3. Go tohttps://fred.stlouisfed.org/ and click on the "Category" link below the search box. Find the heading "Money, Banking, & Finance" and click on "Monetary Data", then "Reserves", and then "Reserves of Depository Institutions: Total". Answer the following:

a. In which year did bank reserves show an accelerated increase? What was special about that year?

b. We described the behavior of quantitative easing (QE) in class. Looking closely at the graph, can you identify the periods of QE? (HINT: Look at the years in which reserves show an almost vertical line.)

c. What is it called when the Fed maintains plentiful reserves the banking system?

4. a. What is the IORB rate? What is the federal funds rate?

b. Describe how the Federal Reserve can control the federal funds rate through its administration of the IORB rate.

5. Answer the following:

a. Go tohttps://fred.stlouisfed.org/ and click on the "Categories" link under the search box. Click on "Money, Banking, & Finance" and then "Interest Rates". Click on "FRB Rates" and then on the series "Federal Funds Effective Rate".

Change the graph range to 5Y and describe the pattern of the federal funds rate over this period.

b. Go back to the "Interest Rates" page and click on "Prime Bank Loan Rate" and then on the series "Bank Prime Loan Rate".

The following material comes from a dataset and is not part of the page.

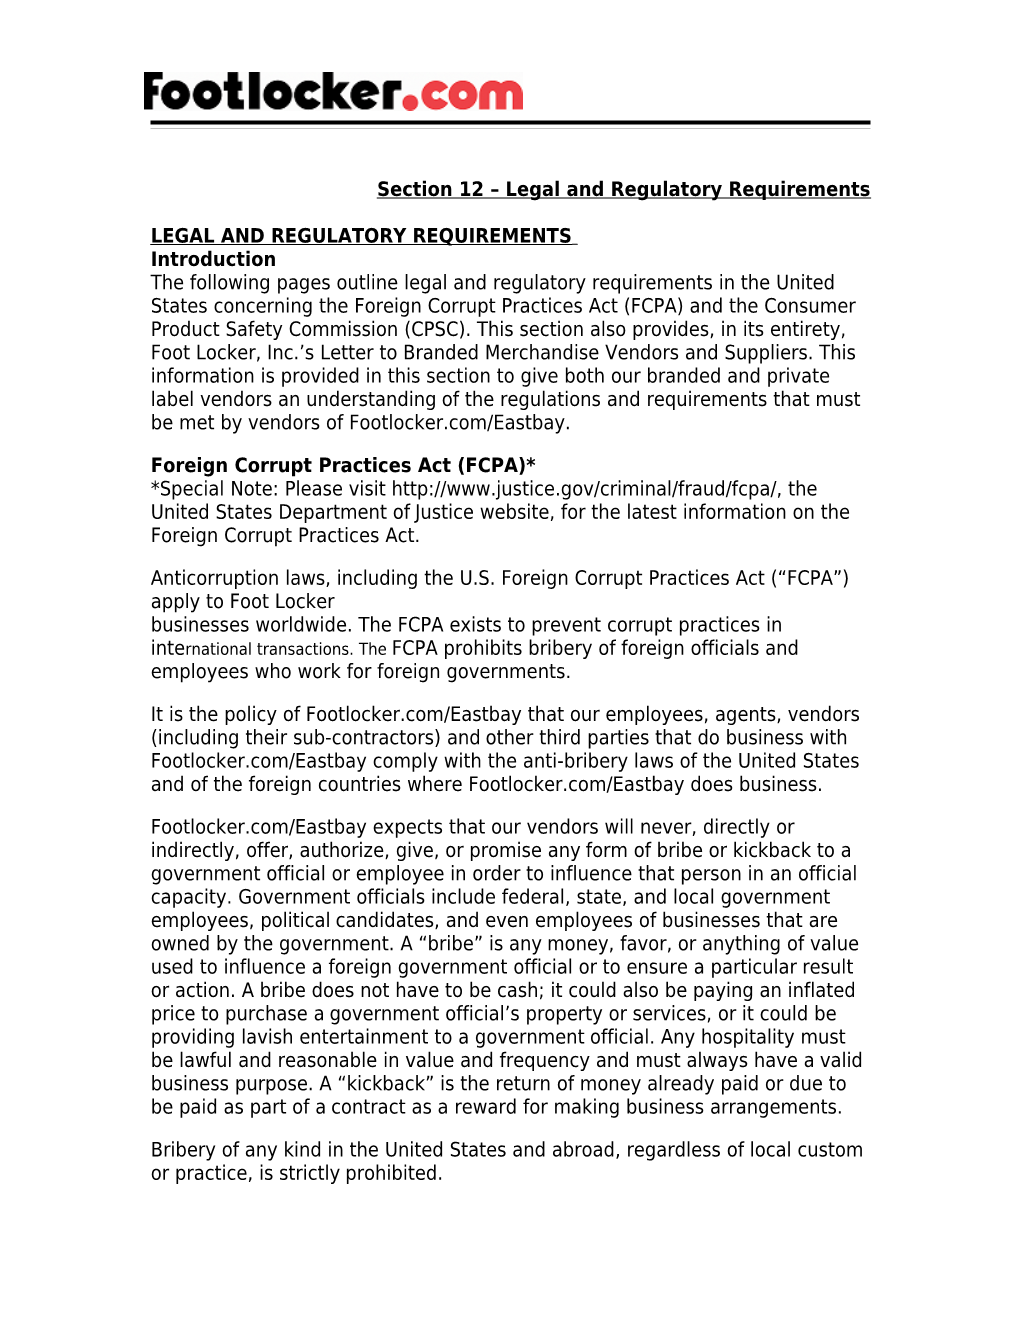 Section 12 Legal and Regulatory Requirements

This is the interest rate that banks use as a base rate for their loans. In other words, an increase in the prime rate will typically result in an increase in all bank lending rates, including business loans, variable rate credit cards, auto loans, etc. It can be considered a short-term rate.

Change the graph range to 5Y and describe the pattern of the prime rate rate over this period. How does it compare to the series from part a?

c. Go back to the "Interest Rates" page and click on "Mortgage Rates". Look at the series "30-Year Fixed Rate Average for the United States".

This is the interest rate offered on financing a house for 30 years. It is one of the major long-term interest rates in the US economy.

Change the graph range to 5Y and describe the pattern of the 30-year mortgage rate over this period. How does it compare to the series from part a?

d. Using your answers to parts a - c, do interest rate changes by the Fed (as indicated by your answer to part a) seem to influence short-term and long-term market interest rates in the same way? Explain.